3. Ich dachte einfach nur an groben Kies als Befüllung. Hab auch irgendwo gelesen, das Rohr soll mit Vlies umwickelt sein, damit keine Wurzeln reinwachsen!? Pflanzen weiß ich noch nicht genau ... die wenige Ahnung, die ich in diesem Teilbereich bisher habe veranlasst mich zu der Aussage: irgendwas Nährstoff-killendes  ... ich glaube Gräser sind da ganz gut,oder?
4. Füttern haben wir im Winter nicht vor. Das heißt dann, vorm ersten Frost alles ausschalten und leer machen und im Frühjahr wieder ein paar Start-Bakterien rein?
5. Ok, habe verstanden. Also entweder alles abschalten wenn nicht gefüttert wird, oder extra Rücklauf außerhalb des Pflanzenfilters mit reduzierter Power.
6. Kannst du mir sagen, wieviel Hel-X in so einen IBC insgesamt reinpasst? Und sich dann auch noch bewegen lässt?? Gibt es eine Angabe, wieviel Hel-X ich pro Fisch brauche? Bin da bisher noch nicht so recht fündig geworden ...

Kannst du mir irgendwas dazu sagen, ob der Skimmer mit eigener Kammer im Sifi so funktioniert oder bräuchte ich die gar nicht?

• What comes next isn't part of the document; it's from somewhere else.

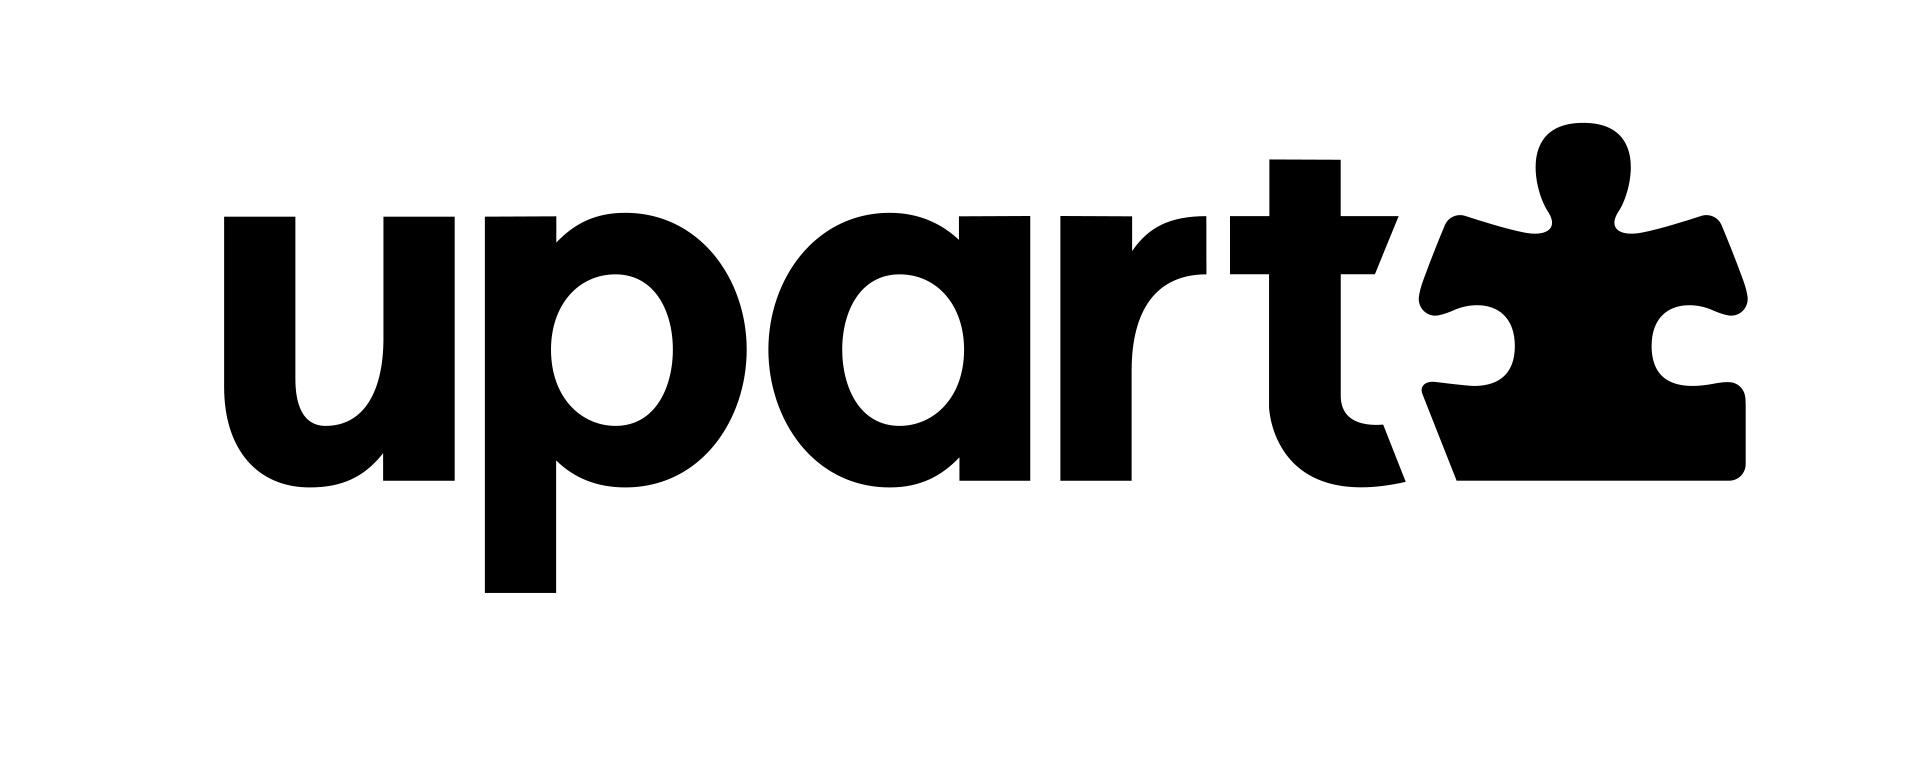 upart Werbung & Kommunikation GmbH
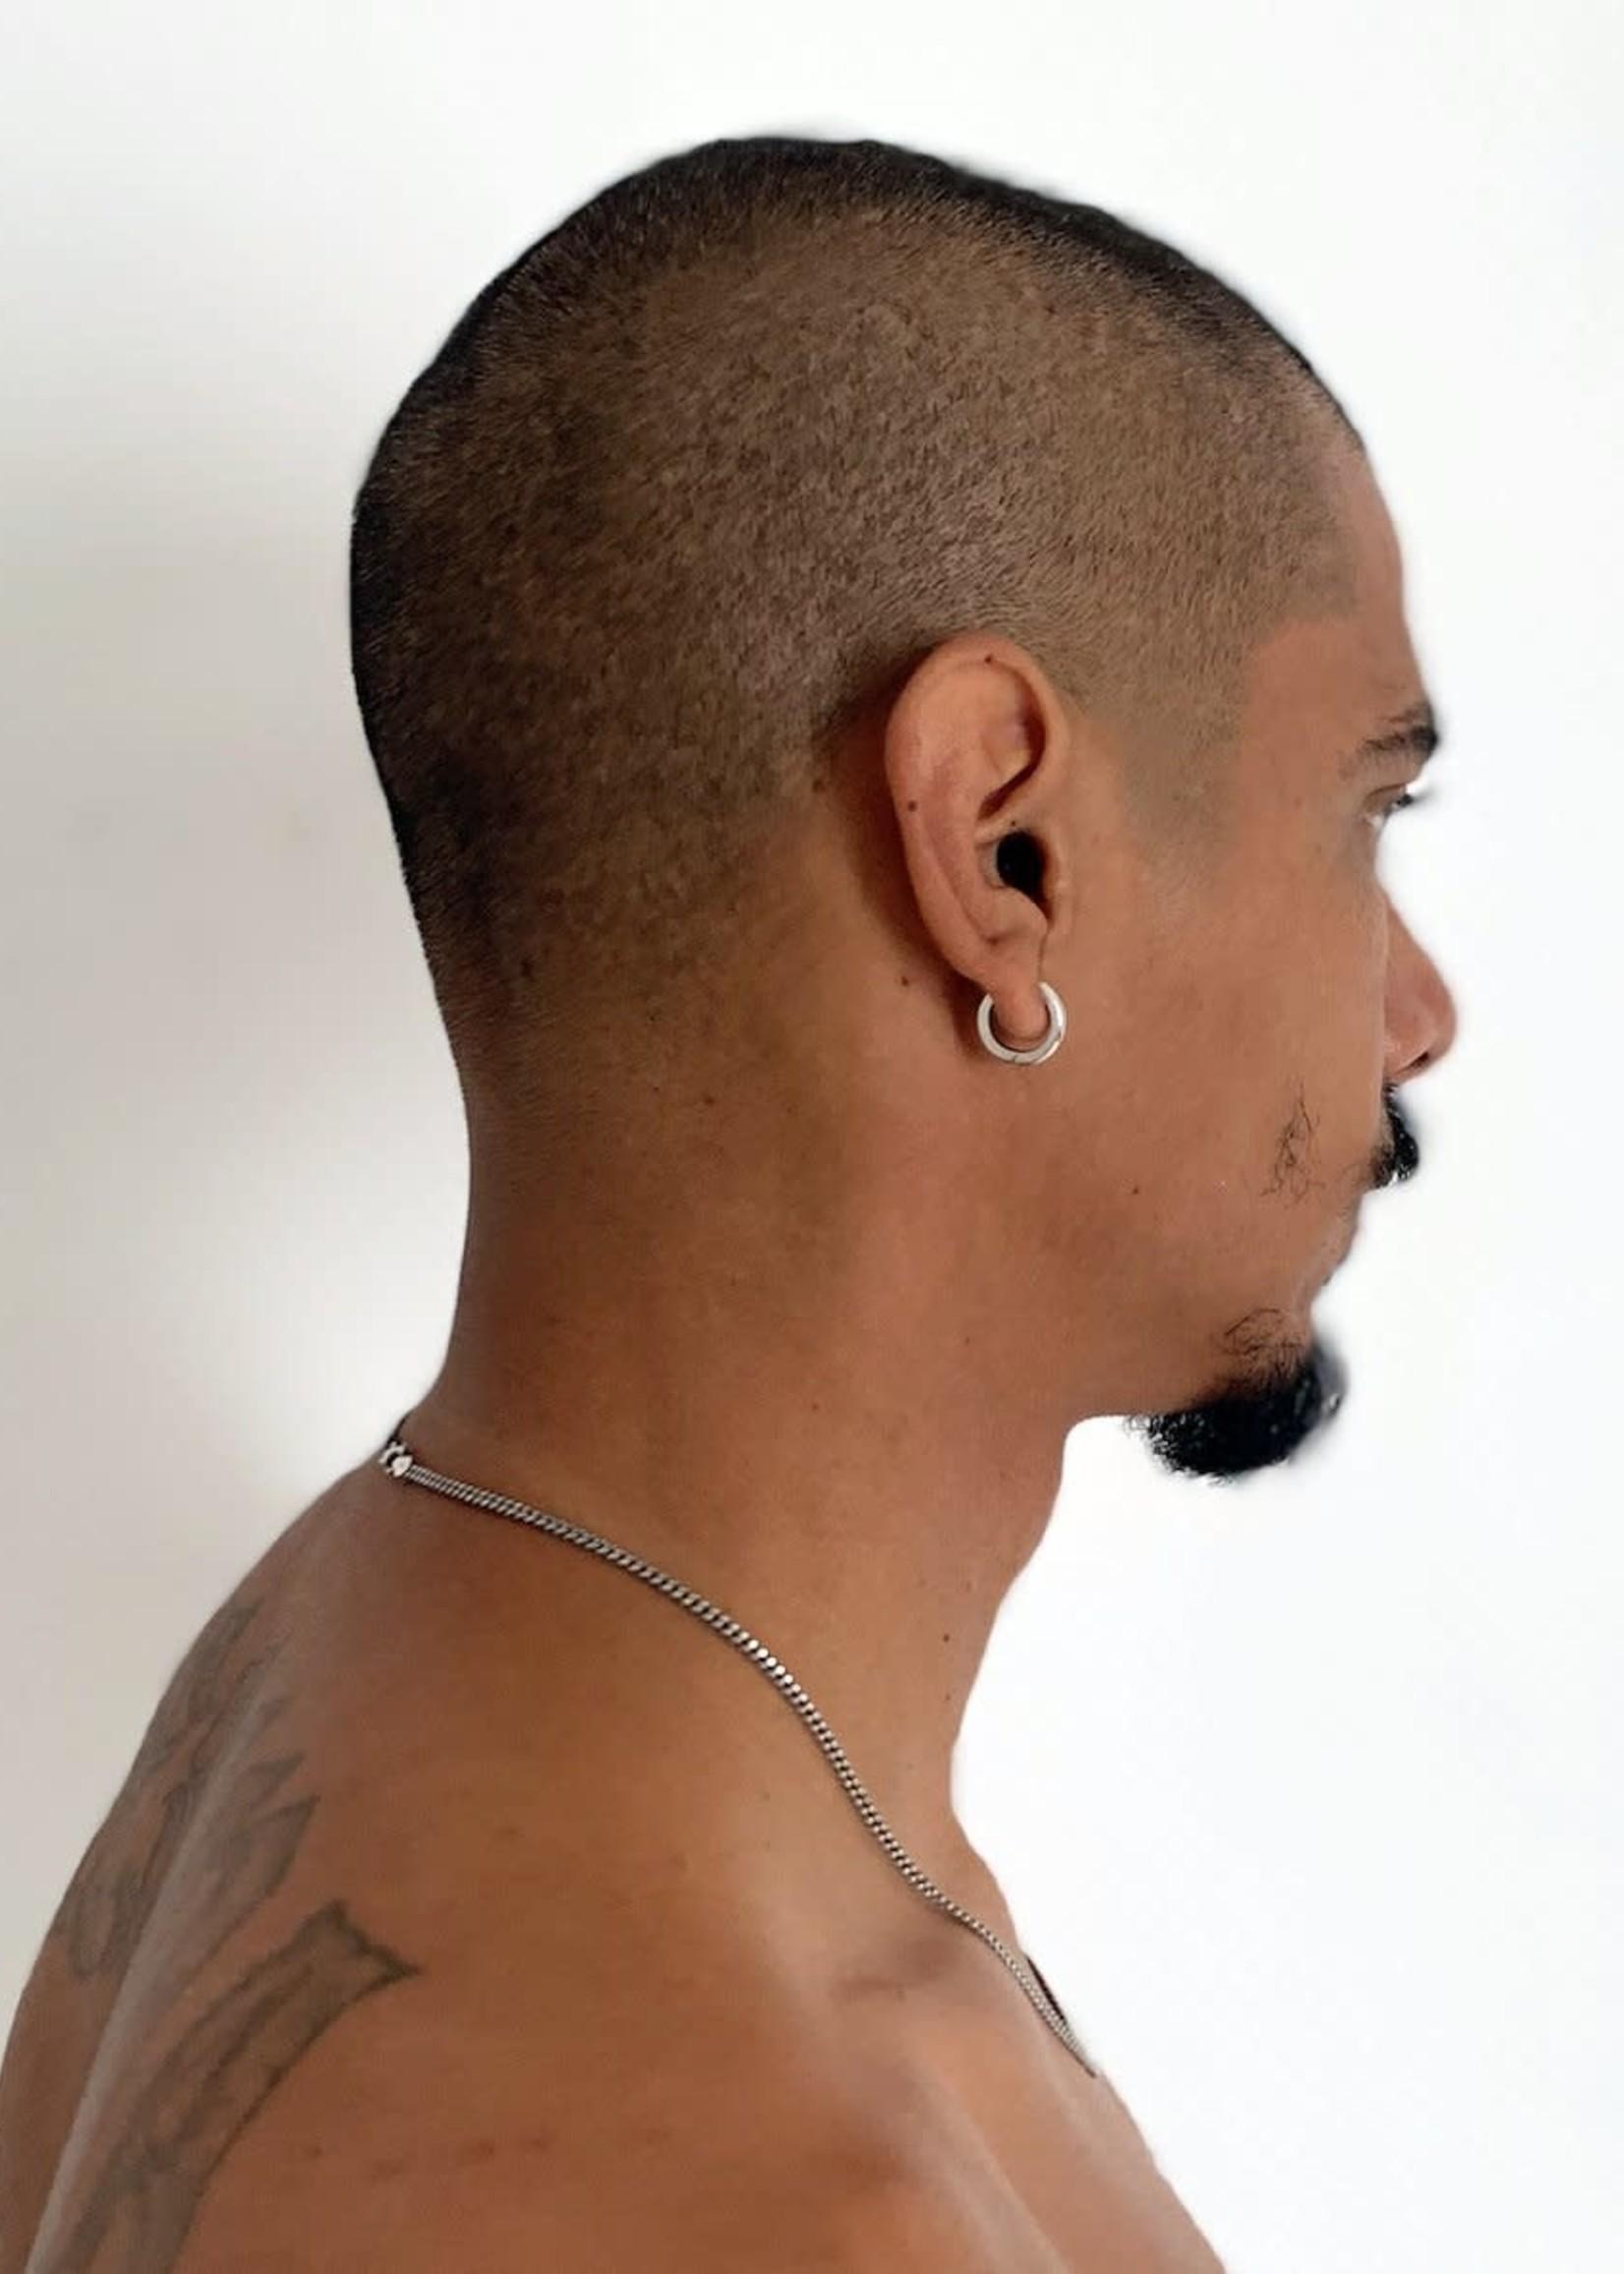 VARON Single Aro Earring in Sterling Silver

Dann wäre der Eigenbau ein bisschen weniger kompliziert ... ;-)

Vielen, vielen Dank schon mal für deine Antworten bisher!!

viele Grüße
Franziska


----------



## Zacky (27. Mai 2013)

*AW: Koiteich-Umbau 2014*

Hallo und Herzlich Willkommen



fischifraenzy85 schrieb:


> 4. Füttern haben wir im Winter nicht vor. Das heißt dann, vorm ersten Frost alles ausschalten und leer machen und im Frühjahr wieder ein paar Start-Bakterien rein?
> 5. Ok, habe verstanden. Also entweder alles abschalten wenn nicht gefüttert wird, oder extra Rücklauf außerhalb des Pflanzenfilters mit reduzierter Power.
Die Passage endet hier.